The Double-Sided Disk: Cylinders and Heads
In Sectors and Tracks and Bytes (Oh my!), I talked in some detail about how a computer might read and access data on a disc-shaped magnetic storage medium (in our case, a floppy disk), going into detail about how a disk is divided up into sectors and tracks. Tracks and sectors alone don't tell the whole story, though, when it comes to double-sided disks! You also need to know about cylinders and heads! (Note that this doesn't really apply to 'flippy disks'*)
Before I said that a track is the circular area around the circumference of the disk where the head is positioned, and generally this is true but with one extra bit: the track is specifically the area under the head (on the surface of the magnetic disk). The line around the disk where the track is located is called a cylinder, which includes all of the tracks contained top to bottom (or front to back , depending how you're looking at it) in that circle.
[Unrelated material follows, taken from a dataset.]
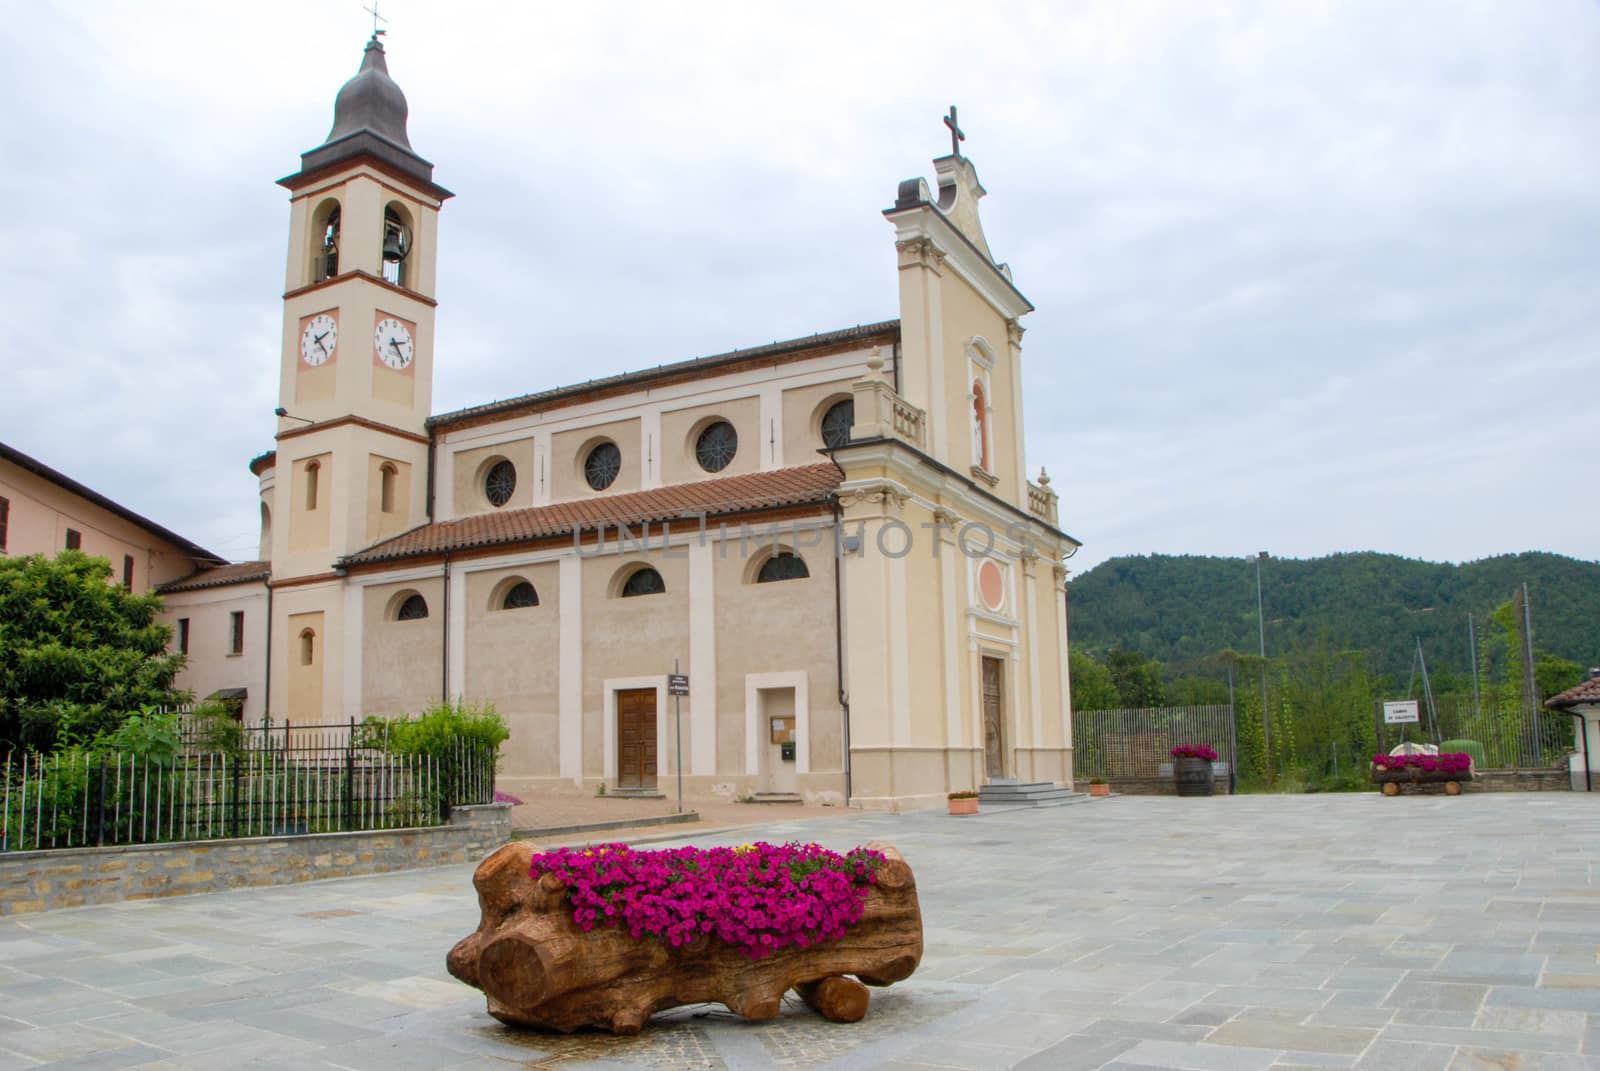 Church of Mary SS. Assunta, Torre Bormida, Piedmont - Italy

On a double-sided disk, there are two heads - one on the top side (side 0) and one on the bottom side (side 1), and as such there can be two tracks around the same cylindrical area (cylinder) of the disk. Hard disks, which have multiple magnetic platters instead of simply one sheet of magnetic film, and as such a cylinder might contain several tracks - two for each platter - of data.
For the sake of efficiency (and probably peace of mind), all of the sectors of a track are on the same side and tracks are striped across each head. So for a double-sided floppy disk like our 3.5" friend, track 0 will be on head 0, on the top side of the disk, track 1 will be on head 1 on the bottom side, track 2 will be back on head 0 on the top side, track 3 back on head 1, and so forth. If a disk had instead 8 heads, then a cylinder would consist of 8 tracks on heads 0-7, where they would be similarly striped.
A 3.5" DS/DD disk has 2 heads, 80 cylinders, and 18 sectors per track, which means that in total it has 160 tracks and 2880 sectors. Knowing this, we can easily figure out exactly where a sector is on a given disk, and that's actually available on every sector page on the Sector Disk site!
*A flippy disk is a disk where the user would modify the casing of a 5.25" disk so that it could be flipped over and used as two distinct disks depending on which side was up and under the drive head. The hack was actually popular enough that some disk manufacturers actually produced ready-made flippy disks before true double-sided disks gained popularity.